Гамов торжественно встал спиной к кабине. Все стереокамеры направились на него. Он произнёс всего несколько слов — признавал, что по происхождению из иномира, рад судьбе, назначившей ему сыграть большую роль на новой родине, и уверен в своих помощниках, ставших его преемниками, — они поведут мир и дальше по проложенному им пути.
— Прощайте, друзья! — проговорил он и повернулся к кабине.
Всё остальное сохранилось во мне так зримо и так чётко, словно я тысячи раз рассматривал одну и ту же картину. Гамов двигался несколько впереди, почти вплотную к нему с правого плеча шёл я, меня — и тоже почти вплотную — сопровождал Гонсалес, а слева от Гамова, тоже на шаг позади, шествовали Вудворт, Пустовойт и Бар. У входа в кабину стоял Бертольд Швурц и держал руку на пусковом рычаге, чтобы включить ядро- и хрономоторы в момент, когда Гамов вступит в неё. И Гамов уже занёс туда ногу, когда Гонсалес повернул церемонию вознесения в иномир по своему сценарию. Я, кажется, упоминал, что у этого человека, выглядевшего почти идеальным красавцем, была одна несообразность в пропорциях — почти по- обезьяньи длинные руки. Никогда не мог предполагать, что длина его рук сыграет такую роковую роль в моей собственной судьбе.
Гамов, повторяю, уже занёс ногу в кабину, а мы остановились в шаге от неё, когда Гонсалес неожиданно для всех совершил одновременно три движения — протянул вдоль моих плеч левую руку, схватил ею Гамова и с силой отшвырнул его назад, меня с такой же силой толкнул грудью вперёд, а правой рукой отбросил Швурца в сторону — толстый ядрофизик, даже не вскрикнув, повалился на пол. Под многоголосый вопль, вырвавшийся у всех, я влетел в кабину и рухнул, а Гонсалес, это я увидел последним зрением, рванул к себе пусковой рычаг.
И во мне распространилась безмерная тьма.
15
Я очнулся на кровати в большой светлой комнате. В окно лилось солнце, его яркость смягчали полупрозрачные гардины. Возле кровати рядком стояло пять кресел, в каждом сидел мужчина в халате поверх мундира. Они молча смотрели на меня, я молча смотрел на них. Они были очень разными и одновременно очень похожими. Разными были их возраст и, очевидно, чин. Похожими — лица и мундиры. Первым у постели поместился горбоносый бородатый старик с тёмными глазами, чуть не выкатывающимися из орбит, последний гляделся почти юнцом, но также пучеглазым, бородатым и носатым. Старик сказал что-то непонятное, ему так же непонятно отозвались, потом средний наклонился ко мне и произнёс на языке, похожем на наш, но с чужими интонациями:
— Здравствуйте. Меня зовут Леон Сеговия. Я буду вашим переводчиком. Как вы себя чувствуете? И как вас зовут?

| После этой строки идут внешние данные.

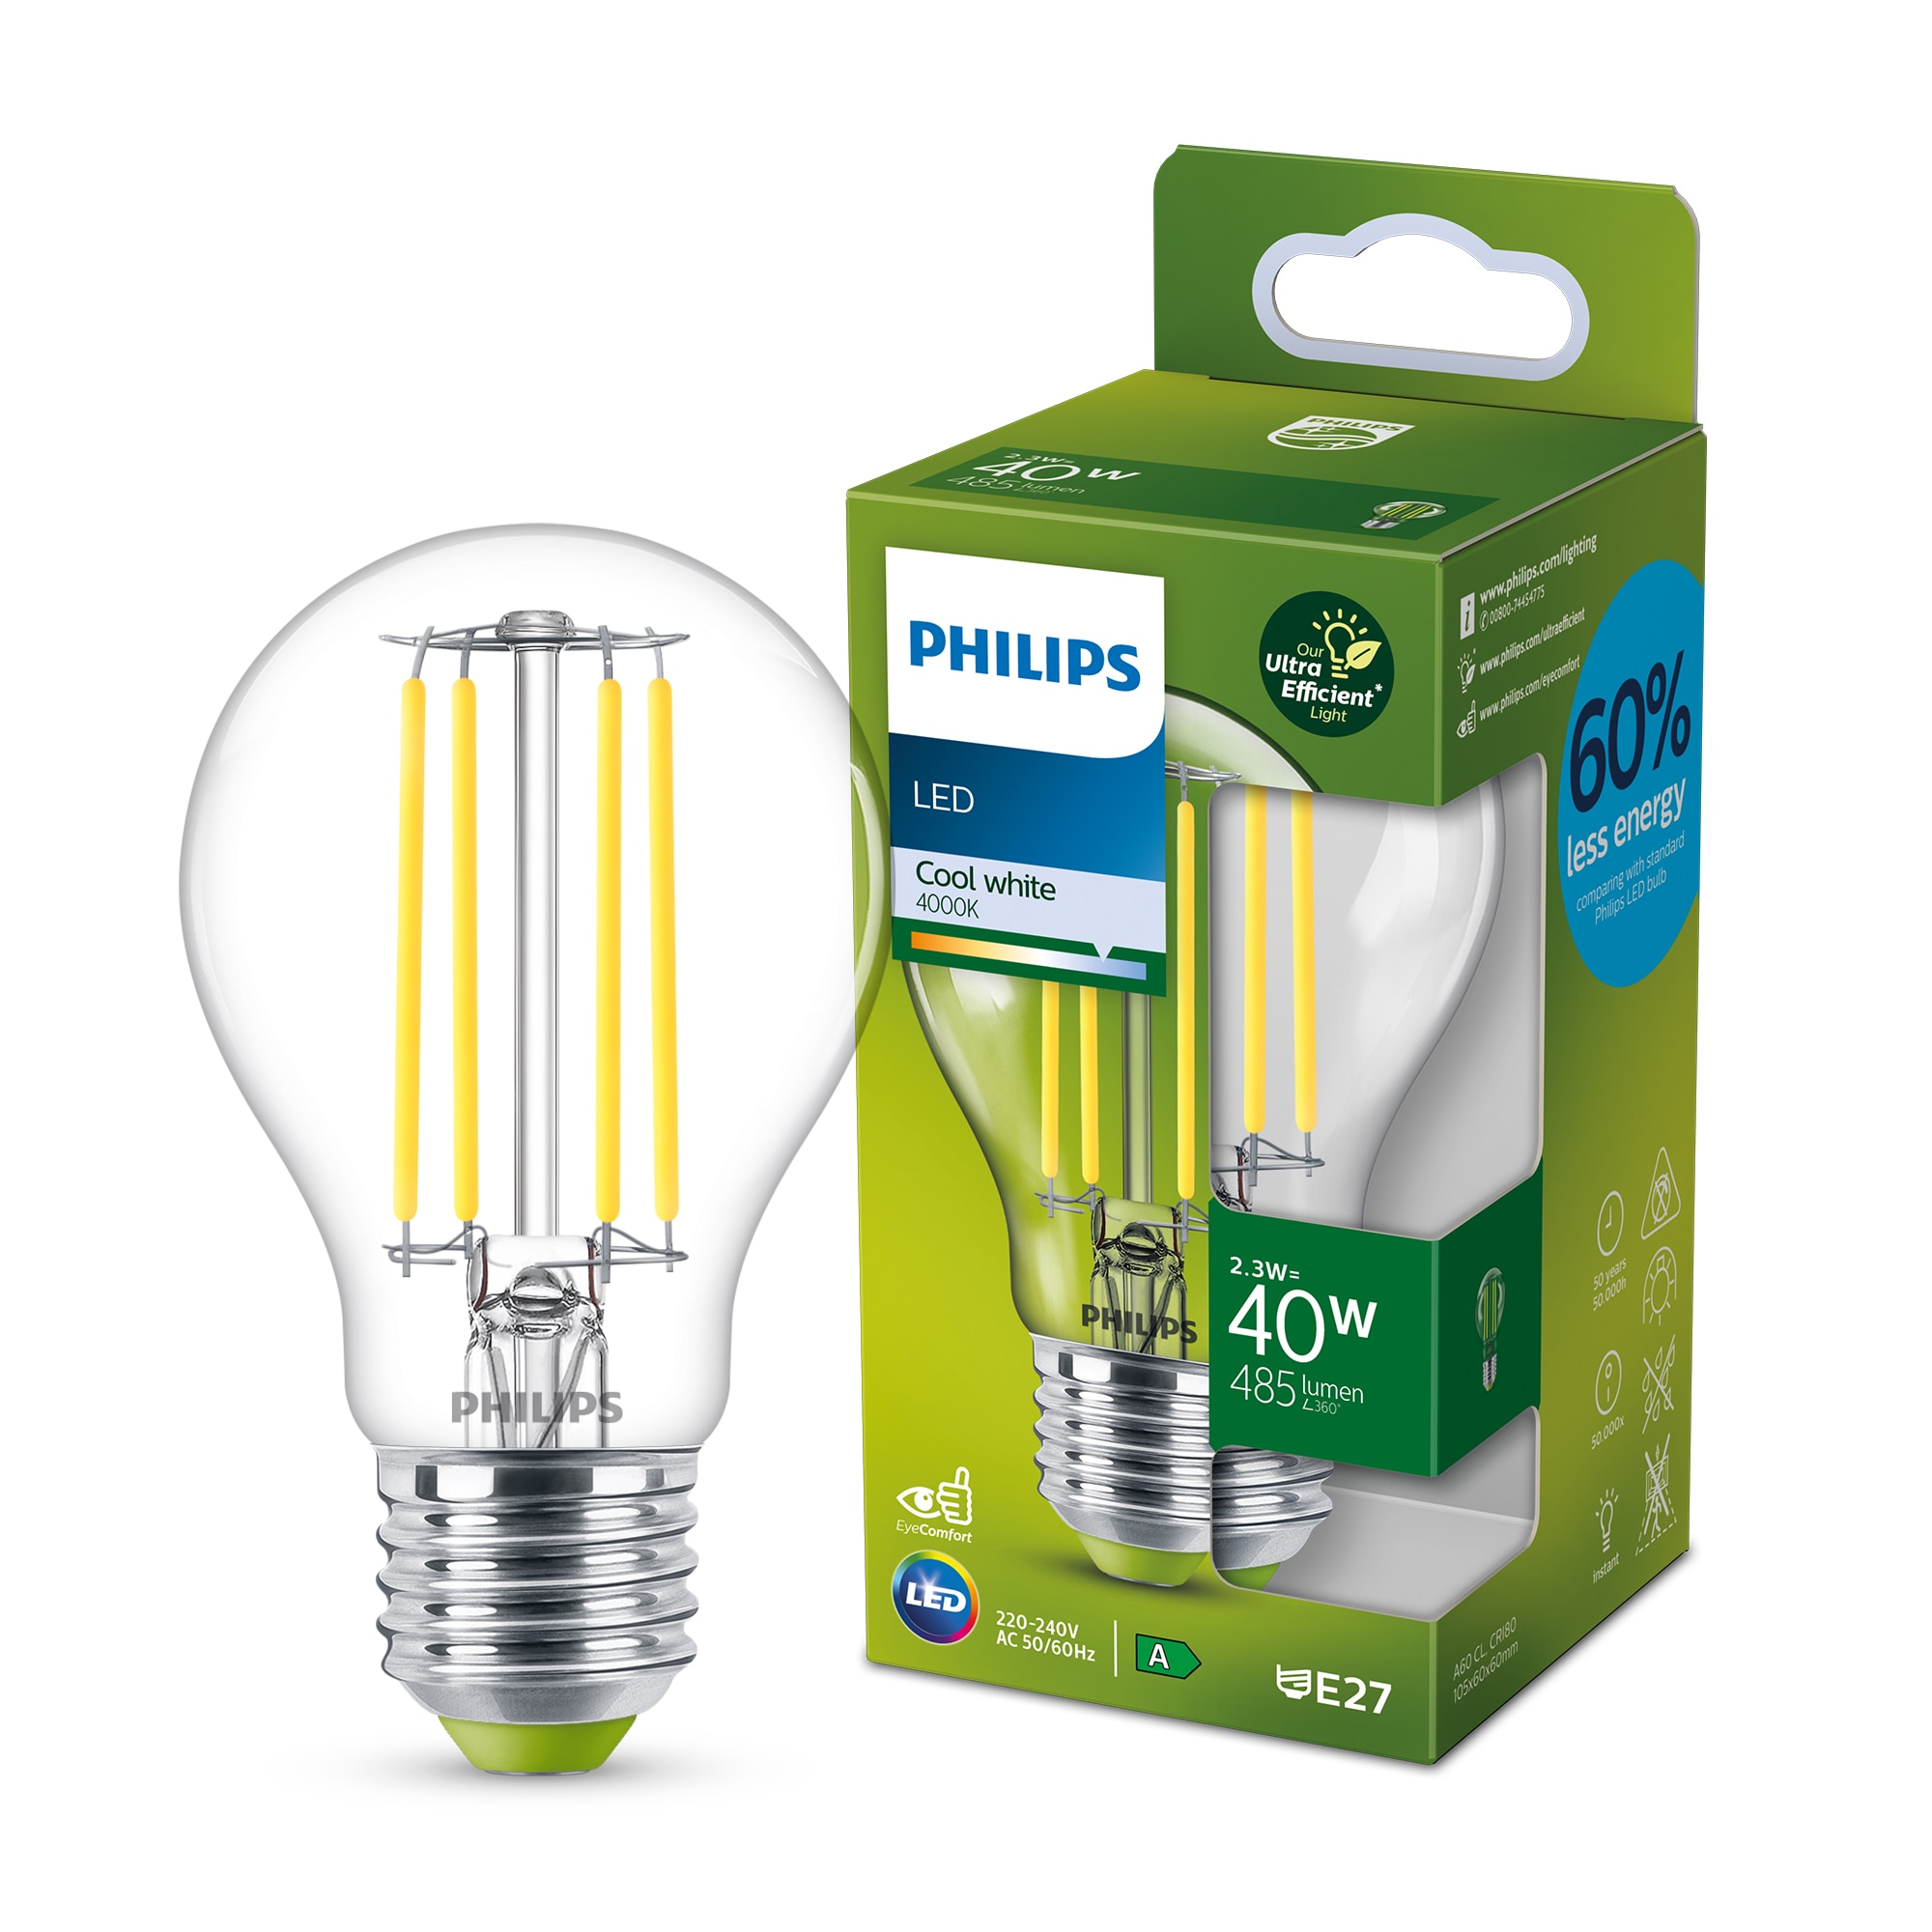 Stressvol Dom staan De meest energiezuinige Philips LED A-klasse lampen | Signify  Bedrijfswebsite

Я ответил помедленнее, чтобы он разобрал каждое слово:
— Меня зовут Андрей Семипалов. Я ещё не знаю, как я себя чувствую. Не уверен, что смогу свободно встать и ходить.
Они в ответ радостно заговорили на том же незнакомом мне языке. У нас такой беспорядочный разговор назвали бы галдежом. Я старался вникнуть в их слова, но не был уверен, что могу точно воспроизвести даже звучание, не говоря уже о смысле, настолько быстры и путаны были звуки, слагавшиеся в слова. Потом я узнал, что эти военные в больничных халатах просто радовались — ни один не был уверен, что язык, на котором со мной заговорили, будет мне понятен.
— Лежите, выздоравливайте. Завтра приду, — сказал Сеговия.
Все они поднялись и один за другим скрылись за дверью. Я закрыл глаза и постарался вспомнить, что совершилось со мной, когда я рухнул на пол кабины. Вспомнилась рука Гонсалеса, схватившаяся за пусковой рычаг. Я прислушался к своему телу — болит ли что? Ничего не болело, только впечатление было, что не лежу, а свободно подвешен в воздухе. Откинув одеяло, я осмотрел себя. Повреждений на теле не было. Я опустил босые ноги на пол, сделал шаг, другой. Ноги хорошо держали тело. Подобравшись к окну, я распахнул гардину. Солнце чуть не ослепило меня, глазам стало больно. У нас даже в пустыне, в извечном царстве жары, солнце никогда так не светит. Я прикрыл глаза рукой и посмотрел вниз. Вначале я не увидел земли. Напротив моего окна возвышался дом, он поднимался над моим окном этажей на двадцать. Солнце светило в проём между ним и другим таким же домом. Но вниз оба дома рушились бесконечной чередой этажей. Я попытался сосчитать этажи, идущие вниз, и сбился, перейдя первую сотню. Лишь потом я узнал, что эти два дома и тот, в котором меня поместили, имели по сто восемьдесят, по двести этажей, и научился видеть крохотных человечков, похожих на жуков, на узкой улице между домами и автомашины, казавшиеся спичечными коробками, ползущими по мостовой.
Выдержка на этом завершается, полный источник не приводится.